All lines from the start of the listing below through the line containing "Lavoo ArchAngel Hookah" are to be written out again exactly, and no others.
════════════════════
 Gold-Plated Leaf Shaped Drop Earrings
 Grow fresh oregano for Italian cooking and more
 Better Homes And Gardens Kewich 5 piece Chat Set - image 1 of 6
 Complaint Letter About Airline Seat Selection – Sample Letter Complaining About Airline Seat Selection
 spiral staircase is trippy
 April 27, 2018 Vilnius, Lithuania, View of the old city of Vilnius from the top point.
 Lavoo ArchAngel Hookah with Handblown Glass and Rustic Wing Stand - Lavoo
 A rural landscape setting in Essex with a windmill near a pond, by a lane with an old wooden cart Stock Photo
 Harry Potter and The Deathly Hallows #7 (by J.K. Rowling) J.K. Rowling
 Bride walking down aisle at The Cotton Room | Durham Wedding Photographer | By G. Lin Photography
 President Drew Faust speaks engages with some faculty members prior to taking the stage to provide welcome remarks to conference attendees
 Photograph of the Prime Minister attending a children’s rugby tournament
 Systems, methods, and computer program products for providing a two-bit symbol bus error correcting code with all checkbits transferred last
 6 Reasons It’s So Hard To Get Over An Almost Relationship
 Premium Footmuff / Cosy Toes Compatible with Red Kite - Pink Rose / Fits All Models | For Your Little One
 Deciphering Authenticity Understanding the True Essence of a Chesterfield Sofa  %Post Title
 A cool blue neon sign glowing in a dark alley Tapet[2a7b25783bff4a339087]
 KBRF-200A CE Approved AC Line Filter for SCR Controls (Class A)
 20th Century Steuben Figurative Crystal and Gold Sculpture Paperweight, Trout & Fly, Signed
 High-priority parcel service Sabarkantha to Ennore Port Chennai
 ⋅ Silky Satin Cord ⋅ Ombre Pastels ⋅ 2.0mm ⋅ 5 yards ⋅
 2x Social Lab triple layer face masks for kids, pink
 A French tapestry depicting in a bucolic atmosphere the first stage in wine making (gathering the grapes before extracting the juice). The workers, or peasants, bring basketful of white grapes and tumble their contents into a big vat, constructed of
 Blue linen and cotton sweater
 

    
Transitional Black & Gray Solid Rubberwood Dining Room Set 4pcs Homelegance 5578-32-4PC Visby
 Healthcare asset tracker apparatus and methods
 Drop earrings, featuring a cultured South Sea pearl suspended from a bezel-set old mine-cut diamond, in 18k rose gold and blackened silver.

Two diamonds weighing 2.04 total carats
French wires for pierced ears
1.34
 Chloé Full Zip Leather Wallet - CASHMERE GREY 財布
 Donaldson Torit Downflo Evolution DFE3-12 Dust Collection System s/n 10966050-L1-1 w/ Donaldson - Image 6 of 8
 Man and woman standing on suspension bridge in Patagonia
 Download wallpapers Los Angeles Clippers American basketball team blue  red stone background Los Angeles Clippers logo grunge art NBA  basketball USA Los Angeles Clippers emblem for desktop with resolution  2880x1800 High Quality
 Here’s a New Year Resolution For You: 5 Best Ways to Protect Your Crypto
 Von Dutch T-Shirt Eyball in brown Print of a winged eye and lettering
════════════════════
TASK OUTPUT:
 Gold-Plated Leaf Shaped Drop Earrings
 Grow fresh oregano for Italian cooking and more
 Better Homes And Gardens Kewich 5 piece Chat Set - image 1 of 6
 Complaint Letter About Airline Seat Selection – Sample Letter Complaining About Airline Seat Selection
 spiral staircase is trippy
 April 27, 2018 Vilnius, Lithuania, View of the old city of Vilnius from the top point.
 Lavoo ArchAngel Hookah with Handblown Glass and Rustic Wing Stand - Lavoo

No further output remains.